Search code examples
pythonjupyter-notebookgaussianastropy

How to fit a Gaussian using Astropy


I am trying to fit a Gaussian to a set of data points using the astropy.modeling package but all I am getting is a flat line. See below:

https://i.sstatic.net/H37VC.png

https://i.sstatic.net/DOKSd.png

Here's my code:

%pylab inline
from astropy.modeling import models,fitting
from astropy import modeling

#Fitting a gaussian for the absorption lines
wavelength= linspace(galaxy1_wavelength_extracted_1.min(),galaxy1_wavelength_extracted_1.max(),200)
g_init = models.Gaussian1D(amplitude=1., mean=5000, stddev=1.)
fit_g = fitting.LevMarLSQFitter()
g = fit_g(g_init, galaxy1_wavelength_extracted_1, galaxy1_flux_extracted_1)

#Plotting 
plot(galaxy1_wavelength_extracted_1,galaxy1_flux_extracted_1,".k")
plot(wavelength, g(wavelength))
xlabel("Wavelength ($\\AA$)")
ylabel("Flux (counts)")

What am I doing wrong or missing?


Solution

  • I made some fake data that sort of resembles yours, and tried running your code on it and obtained similar results. I think the problem is that if you don't adjust your model's initial parameters to at least sort of resemble the original model, or else the fitter won't be able to converge no matter how many rounds of fitting it performs.
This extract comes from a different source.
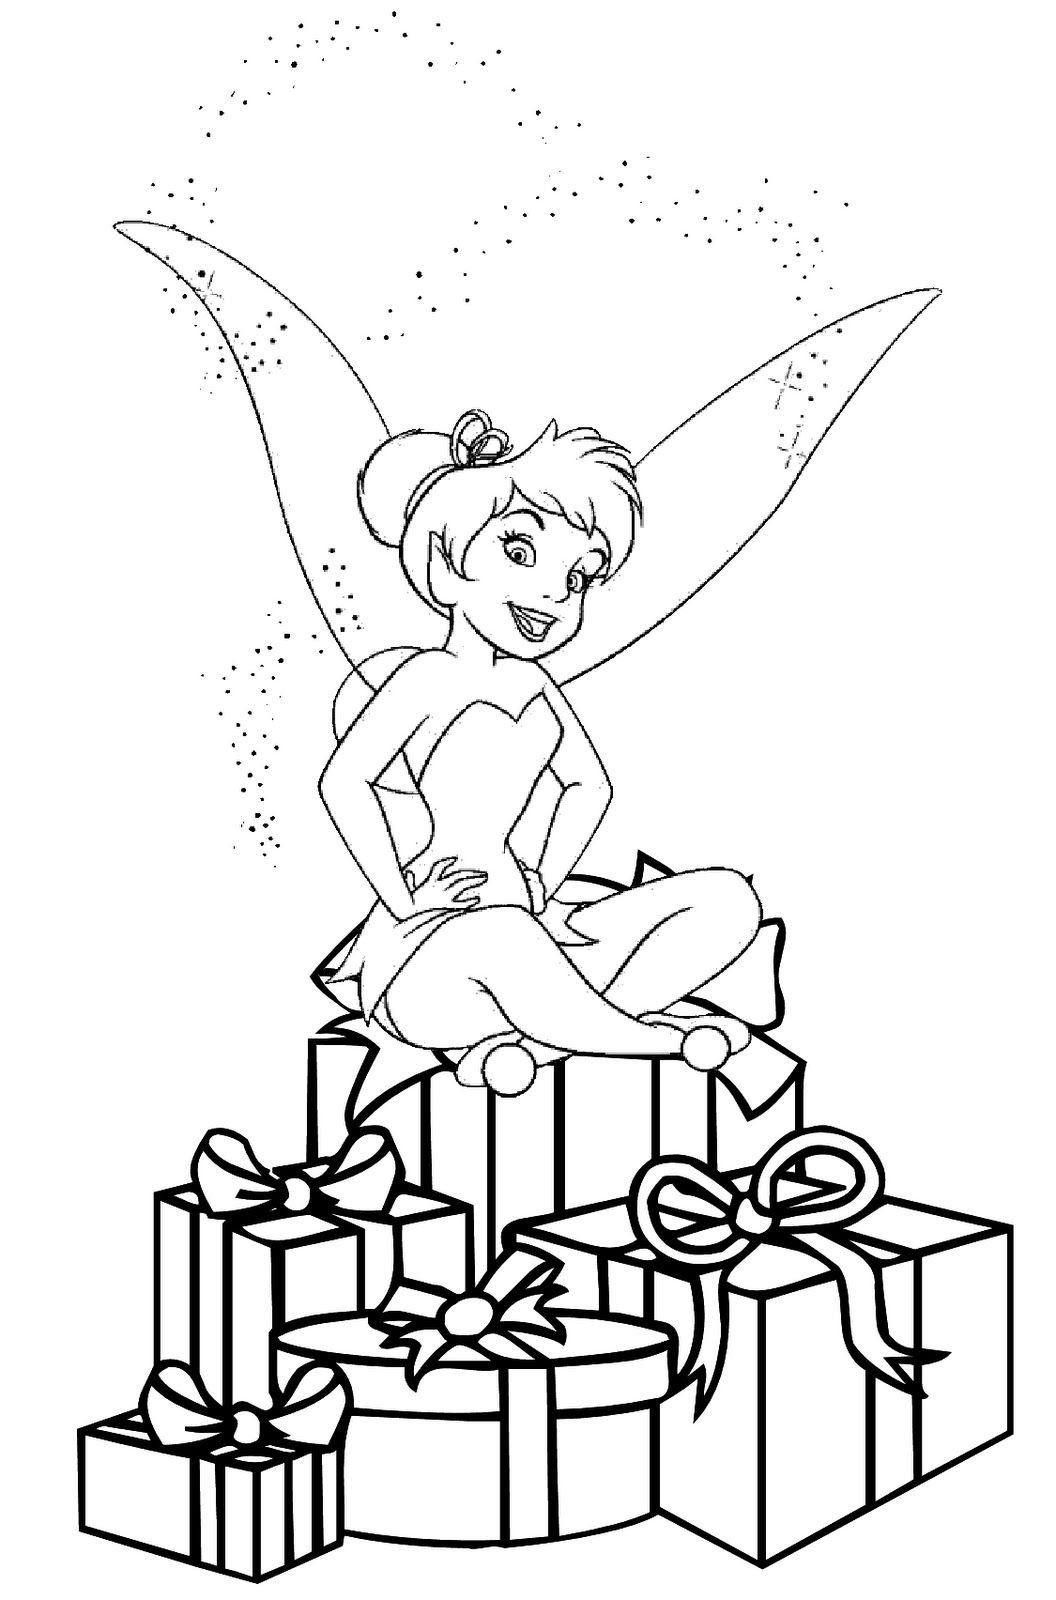 childrens christmas colouring christmas coloring pages christmas fairy coloring colouring christmas childrens
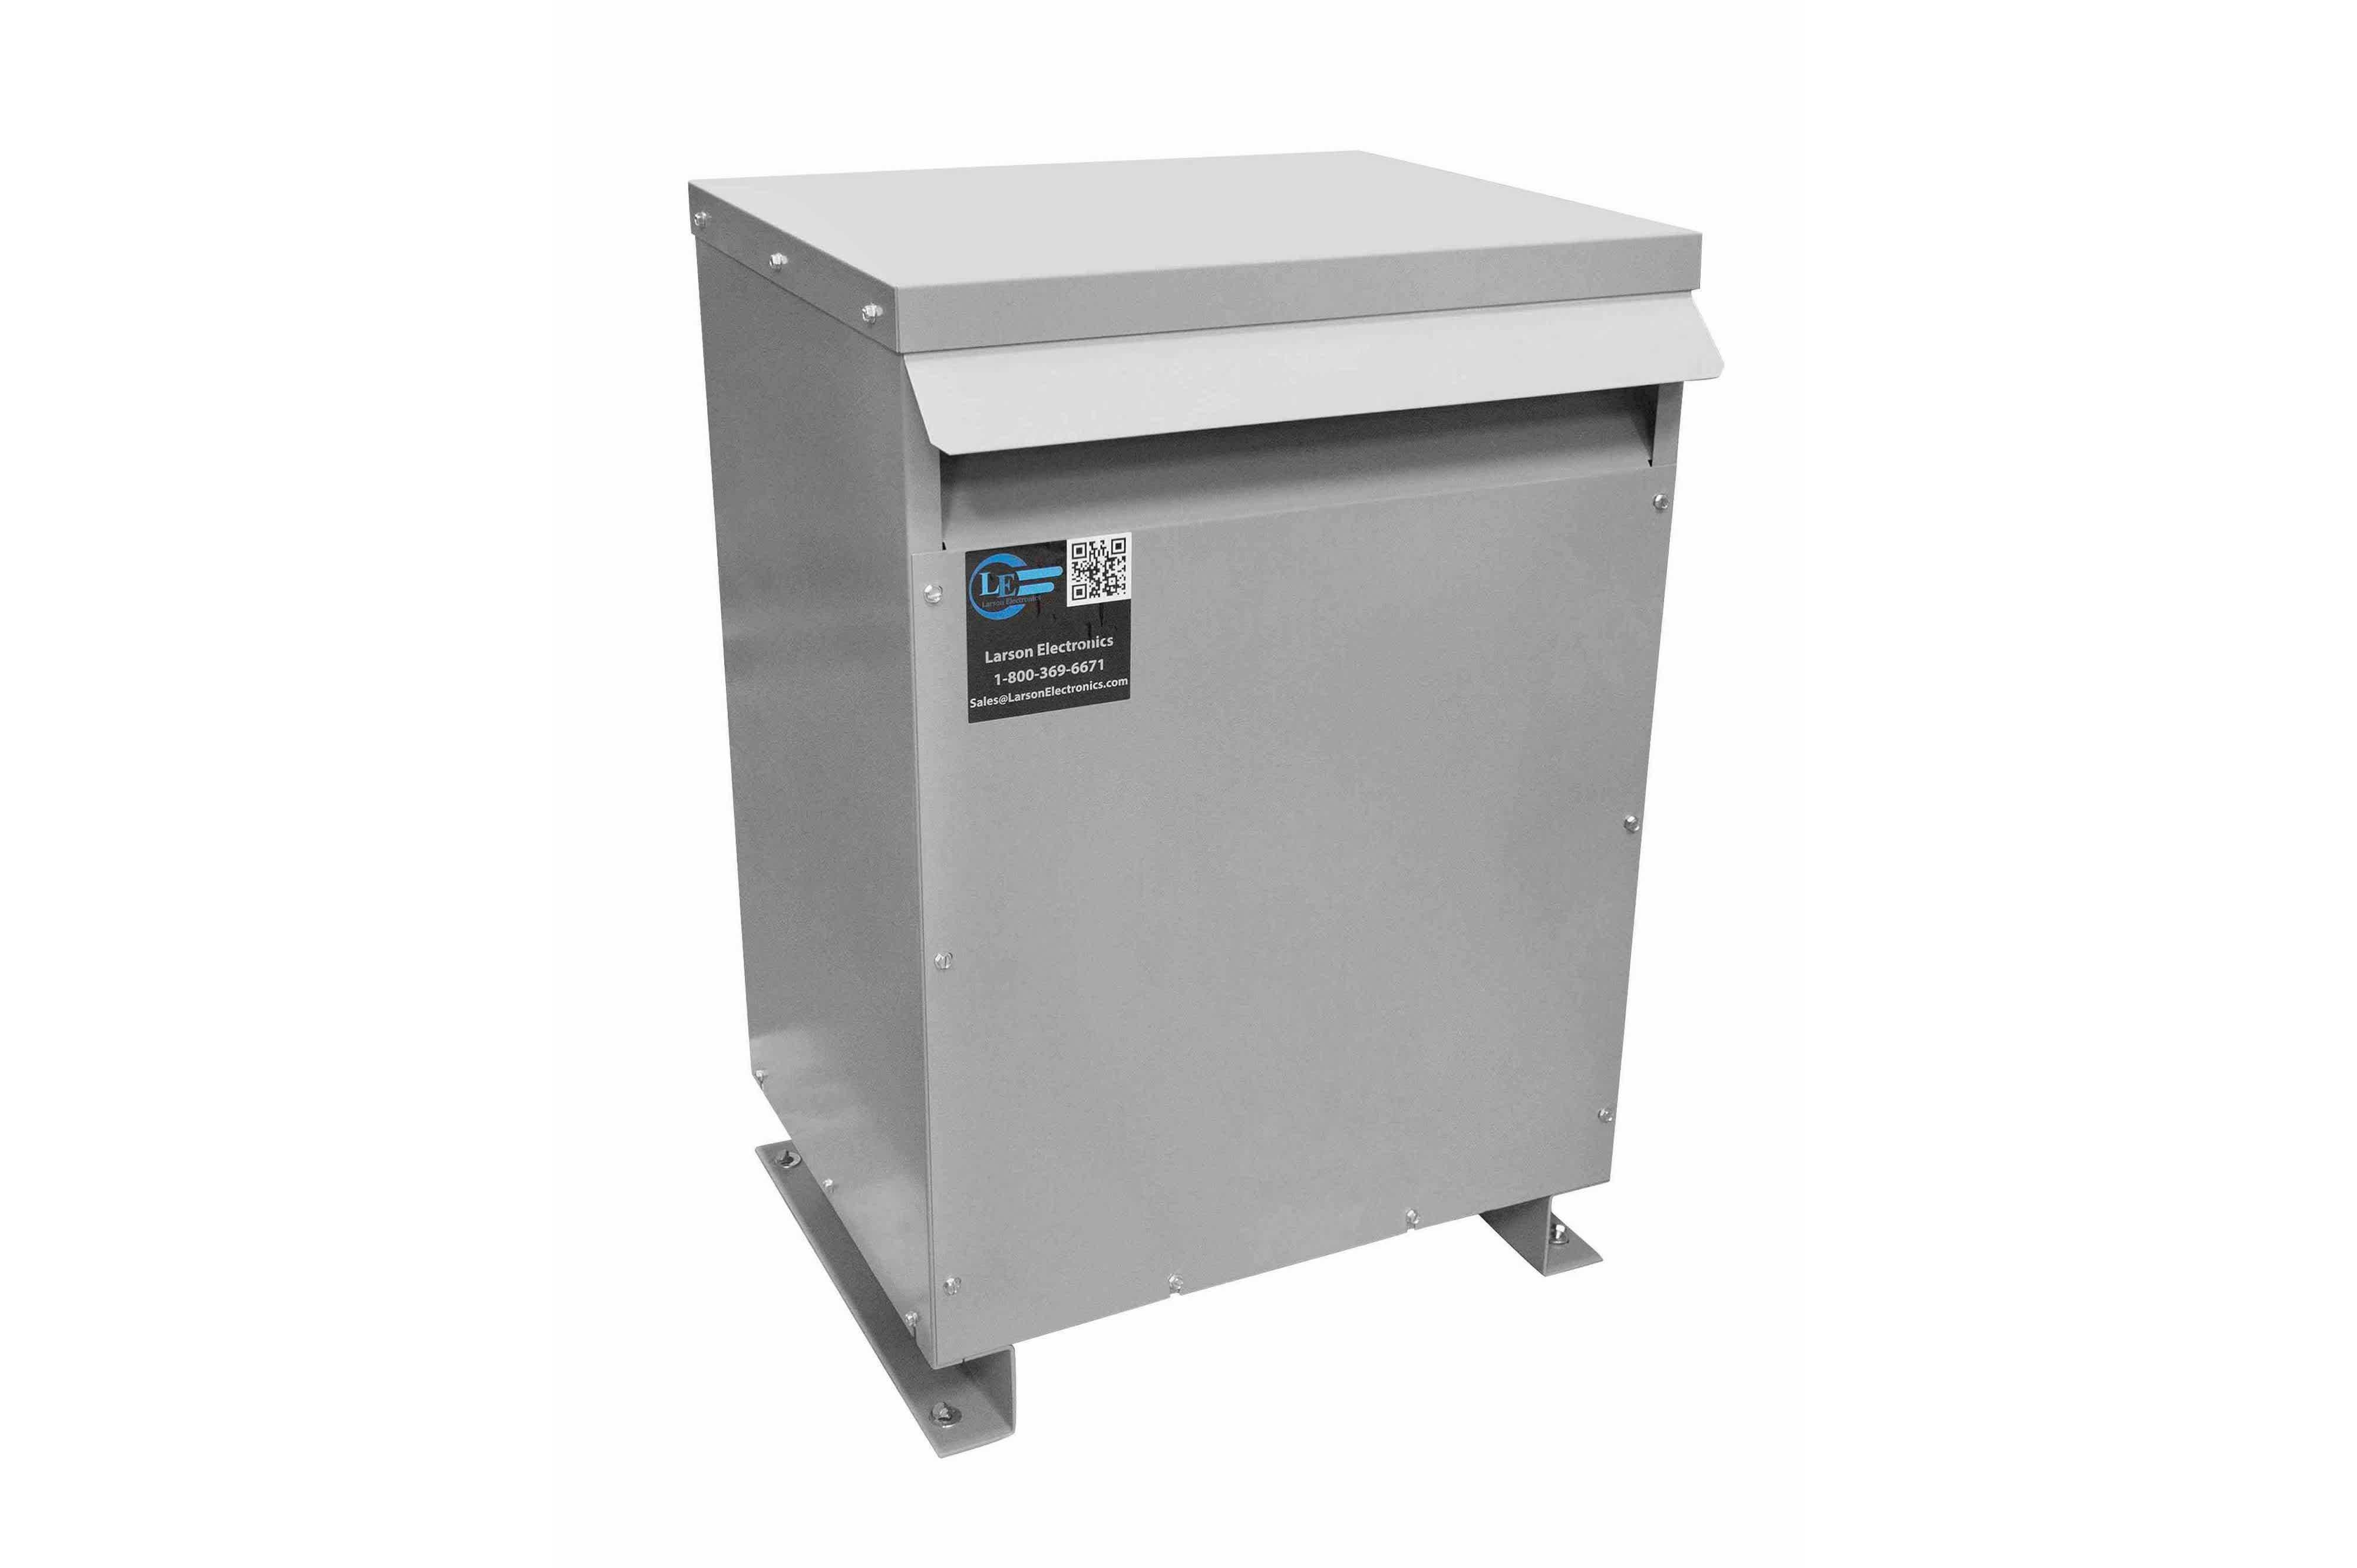 112.5 kVA 3PH Isolation Transformer, 380V Wye Primary, 600V Delta Secondary, N3R, Ventilated, 60 Hz

    If I'm fitting a Gaussian I like to give the initial model some initial parameters based on computationally "eyeballing" them like so (here I named your real data's flux and wavelength as orig_flux and orig_wavelength respectively):

    >>> an_amplitude = orig_flux.min()
    >>> an_mean = orig_wavelength[orig_flux.argmin()]
    >>> an_stddev = np.sqrt(np.sum((orig_wavelength - an_mean)**2) / (len(orig_wavelength) - 1))
    >>> print(f'mean: {an_mean}, stddev: {an_stddev}, amplitude: {an_amplitude}')
    mean: 5737.979797979798, stddev: 42.768052162734605, amplitude: 84.73925092448636
    

    where for the standard deviation I used the unbiased standard deviation estimate.

    Plotting this over my fake data shows that these are reasonable values I might have picked if I manually eyeballed the data as well:

    >>> plt.plot(orig_wavelength, orig_flux, '.k', zorder=1)
    >>> plt.scatter(an_mean, an_amplitude, color='red', s=100, zorder=2)
    >>> plt.vlines([an_mean - an_stddev, an_mean + an_stddev], orig_flux.min(), orig_flux.max(),
    ...            linestyles='dashed', colors='gg', zorder=2)
    

    enter image description here

    One feature I've wanted to add to astropy.modeling in the past is optional methods that can be attached to some models to give reasonable estimates for their parameters based on some data. So for Gaussians such a method would return much like I just computed above. I don't know if that's ever been implemented though.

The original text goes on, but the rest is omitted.